With the images removed, transcribe the listing that follows exactly.

* Data below *
···
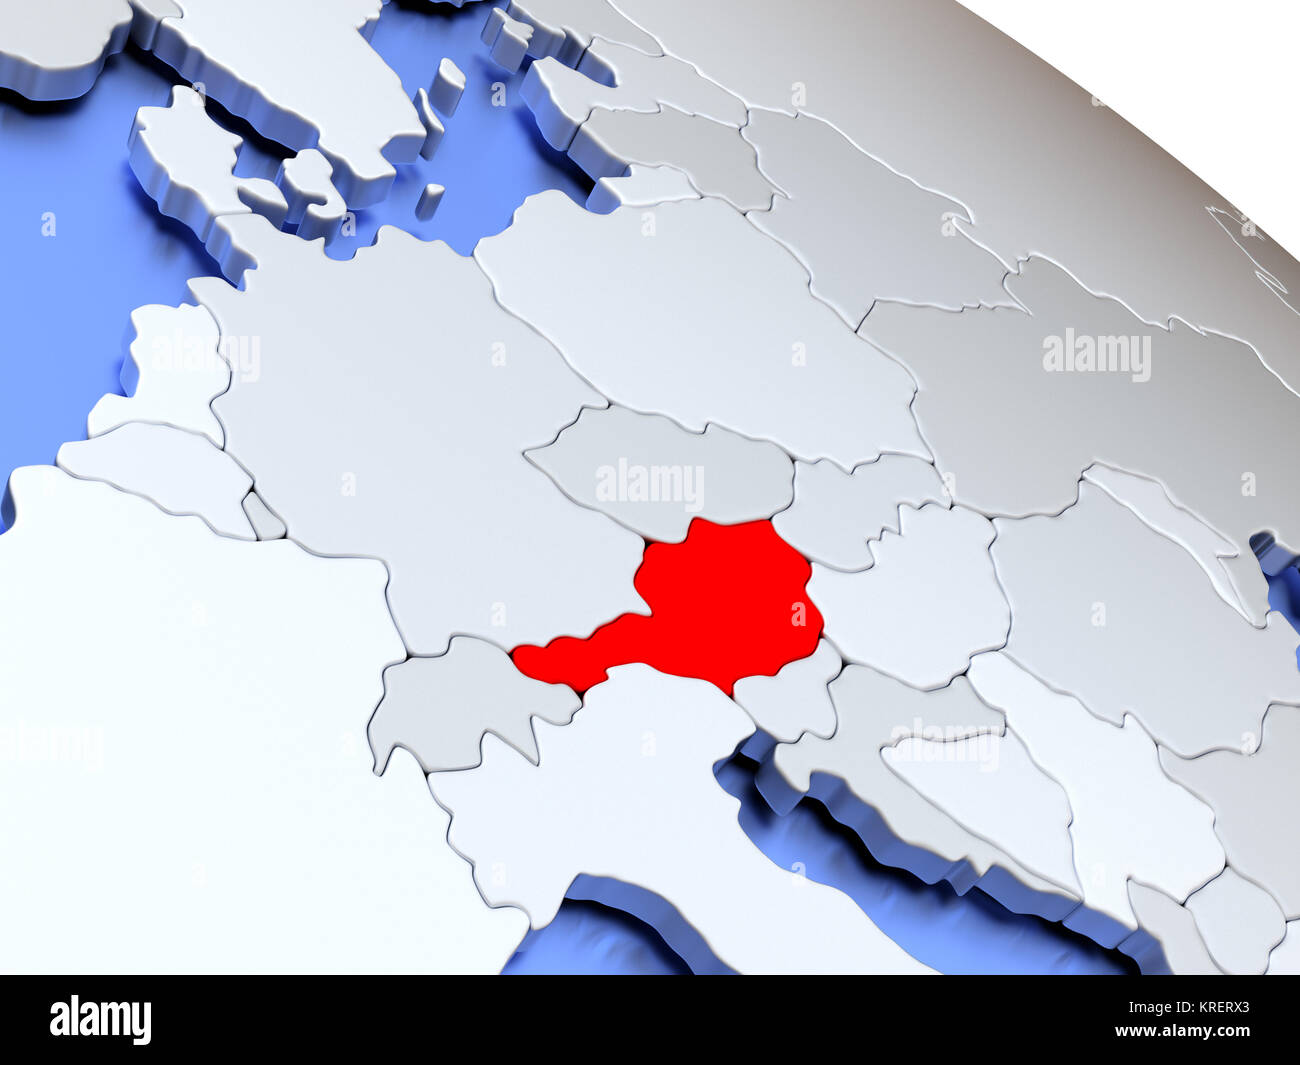 Austria Map Political Stock Photos & Austria Map Political ...
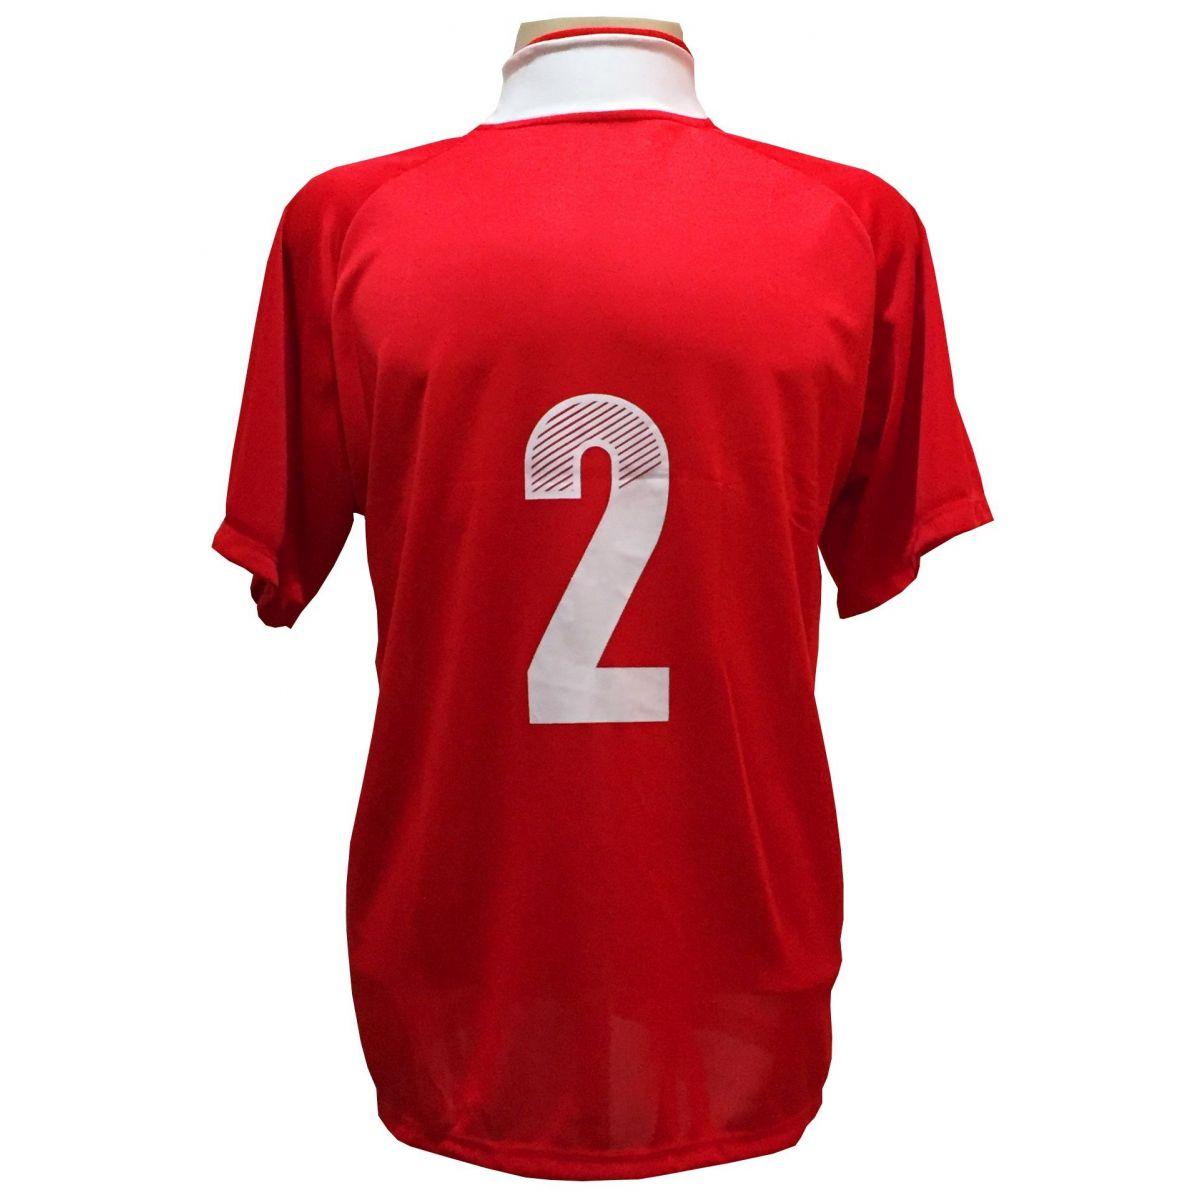 Uniforme Esportivo com 18 camisas modelo Milan Vermelho/Branco + 18 calções modelo Madrid + 1 Goleiro + Brindes
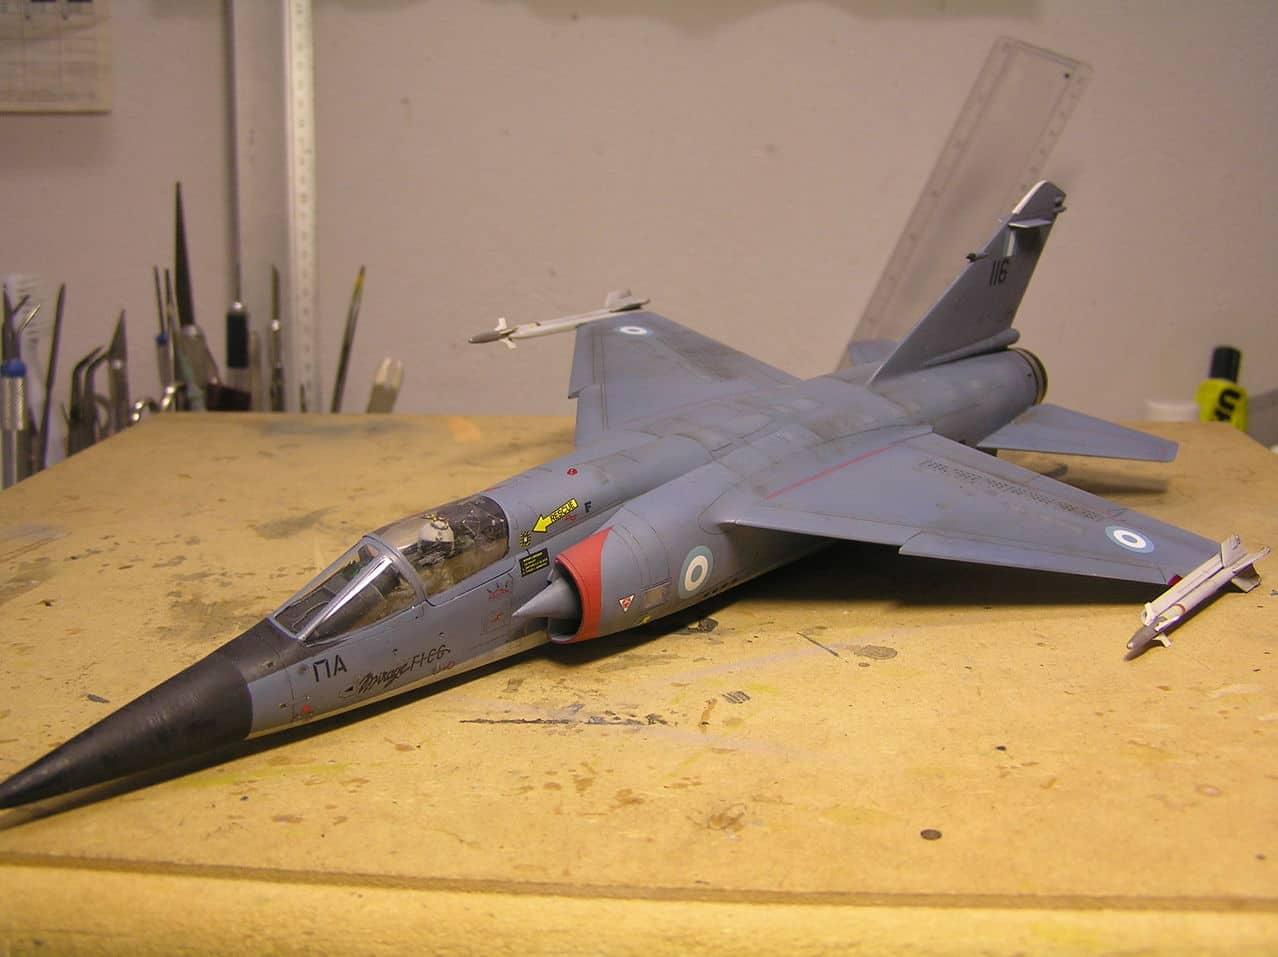 Ελληνικό Mirage F-1CG  1/48  - Σελίδα 2 P1010001_3
···
* Reply to the exercise *
 Austria Map Political Stock Photos & Austria Map Political ...
 Uniforme Esportivo com 18 camisas modelo Milan Vermelho/Branco + 18 calções modelo Madrid + 1 Goleiro + Brindes
 Ελληνικό Mirage F-1CG  1/48  - Σελίδα 2 P1010001_3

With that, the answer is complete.